Judge allows process for proposed South Blooming Grove building moratorium to proceed 

A judge who stopped a hearing on a proposed residential building moratorium in the Village of South Blooming Grove in August will now allow the process to proceed, the village attorney said.

Village Attorney Dennis Lynch said the judge issued an order last week that will restart the village’s effort to enact a three-month residential building moratorium.

“We have a good development,” Lynch said. “The Bankruptcy Court issued an order.” Now, Lynch said, the Village Board will redraft its proposed moratorium law at its next meeting, which is set for Tuesday, and schedule a public hearing.

The village was supposed to have its hearing on the proposed moratorium law Aug. 22. But Judge Nancy Hershey Lord, who sits in U.S. Bankruptcy Court in Brooklyn, issued a restraining order. Lord acted on a request from Keen Equities, which wants to build a 566-home Hasidic subdivision, Clove Wood, at the former Lake Anne Country Club site on Clove Road. Keen had feared that the moratorium was an attempt to delay approval of Clove Wood while the village changes its zoning to reduce permitted density or otherwise rezone the Lake Anne site.

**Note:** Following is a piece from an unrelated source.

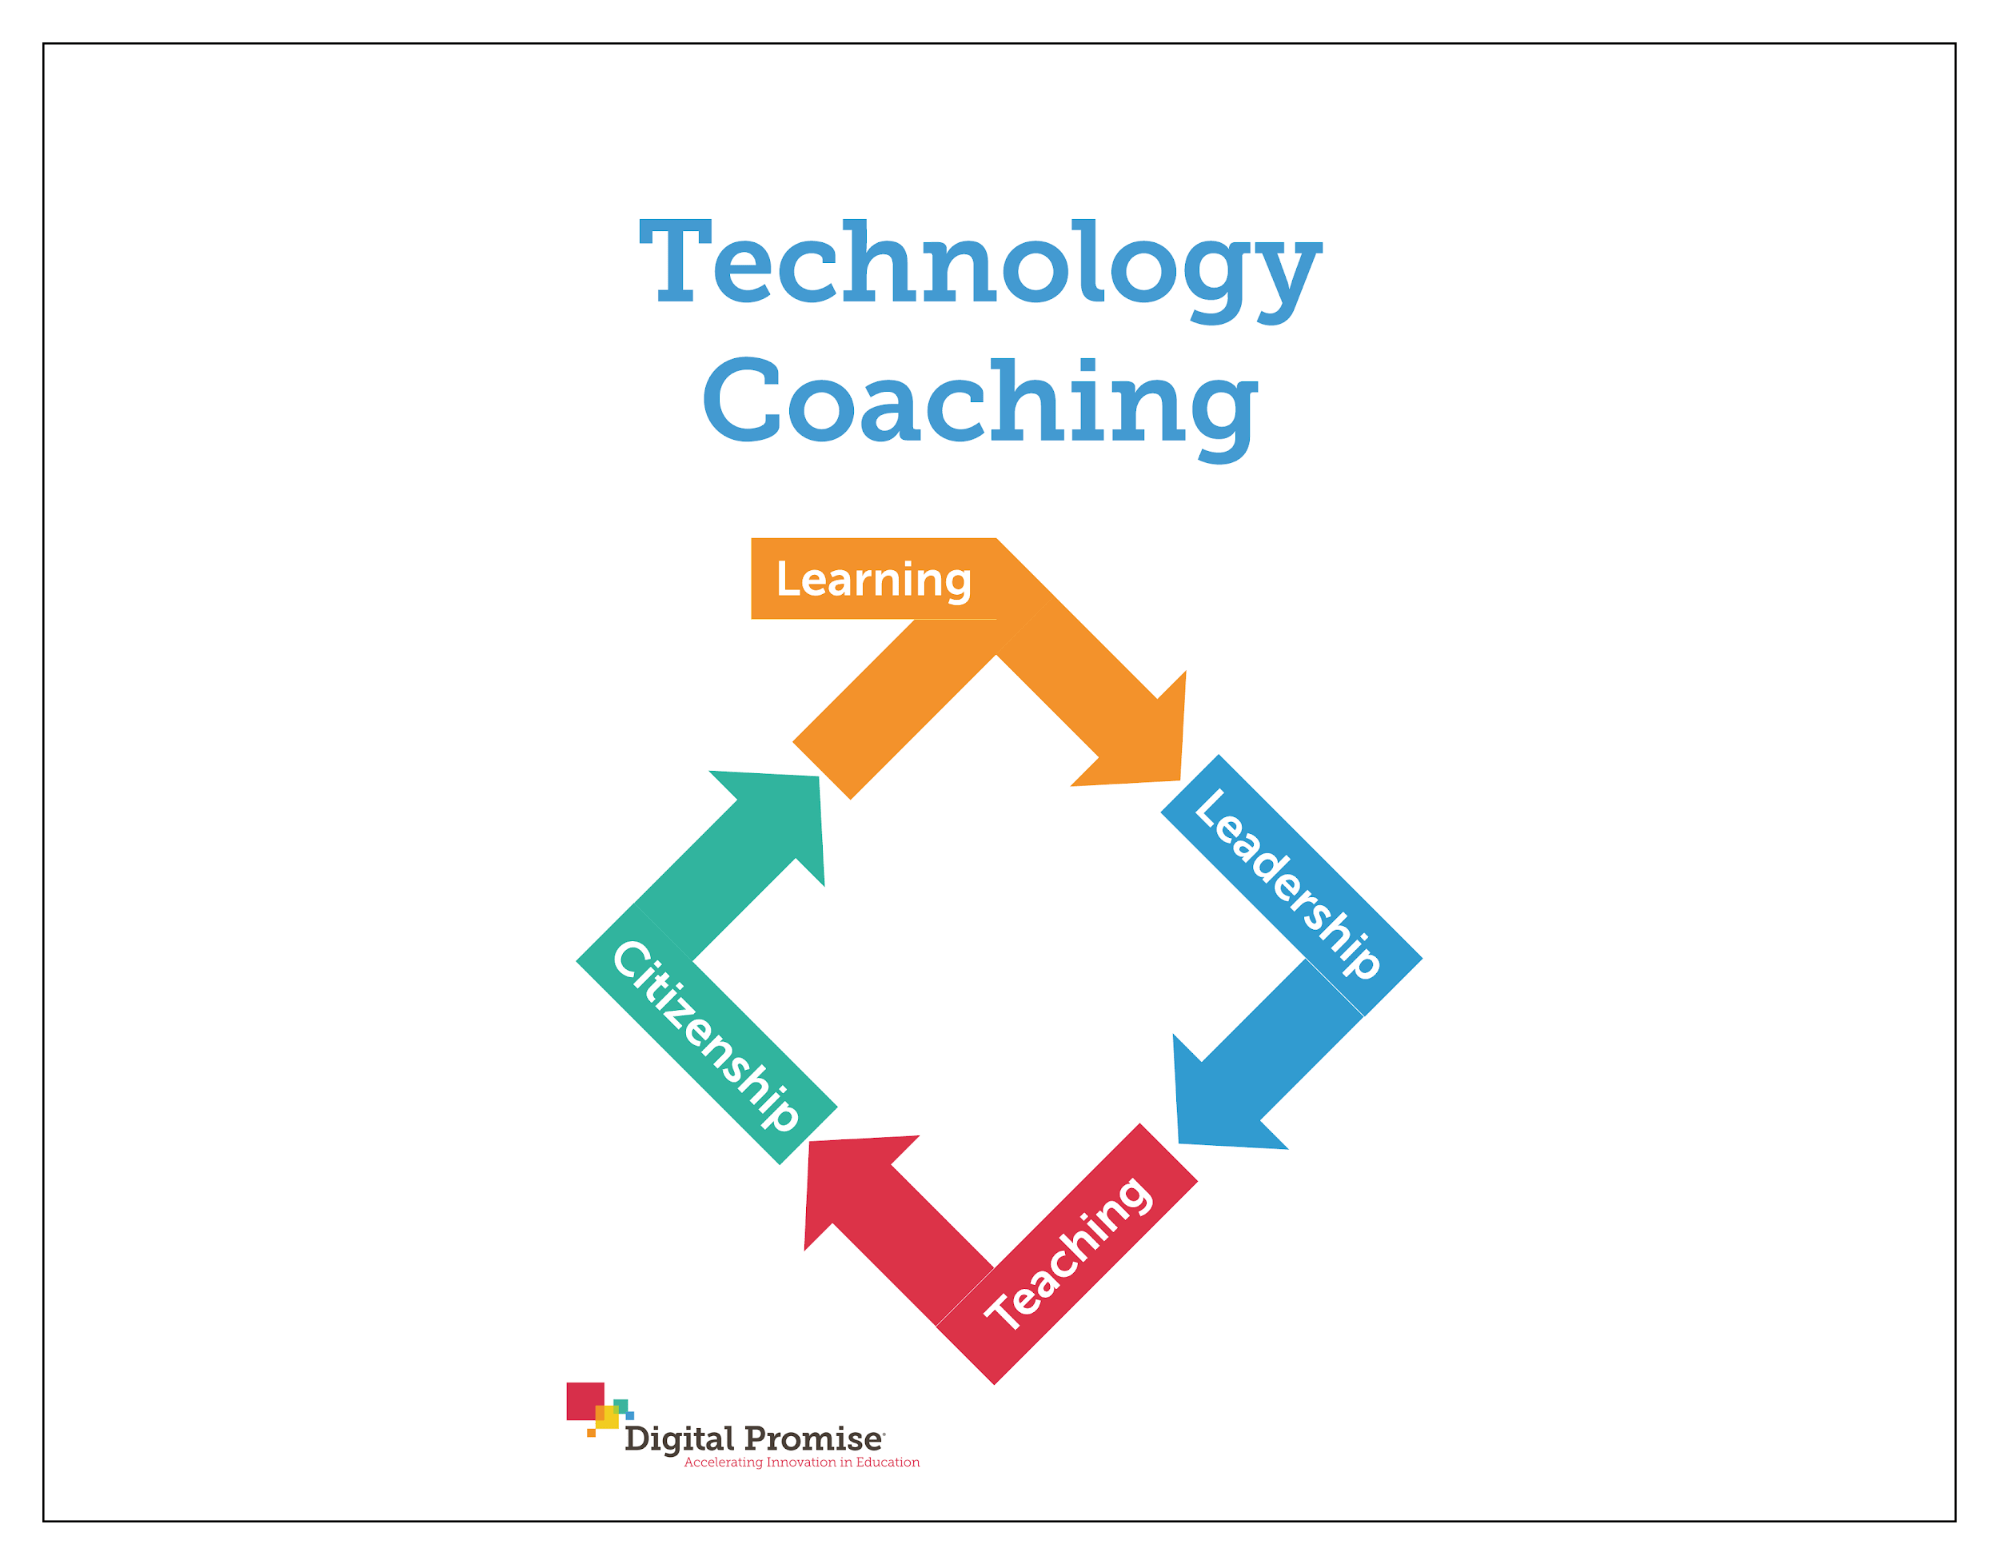 How Instructional Technology Coaching Can Help Teachers

Lawyers for the developers and the village were supposed to appear before Lord Sept. 15 in Brooklyn. Lynch said the parties worked things out with a conference call, and the judge reached a “stipulation resolution,” allowing the moratorium process to go forward.

Lynch said the village agreed to exclude a number of projects that are already working their way through the planning process, including Clove Wood and a $6.6 million, 39,000-square-foot Sleep Inn hotel to be built on 11 acres off Route 208.

Keen bought the Lake Anne site for $15 million in 2006 to build “multi-family housing to accommodate the growing needs of the Satmar Community in Kiryas Joel,” according to a company statement in court papers. The purchase was financed by a $10 million mortgage from the Greene family, longtime owners of the property. Five years later, Keen defaulted on payments, and the Greenes sought to foreclose. But before the foreclosure could be finalized, Keen filed for bankruptcy protection in November 2013. It then reorganized and reapplied for approval of the project.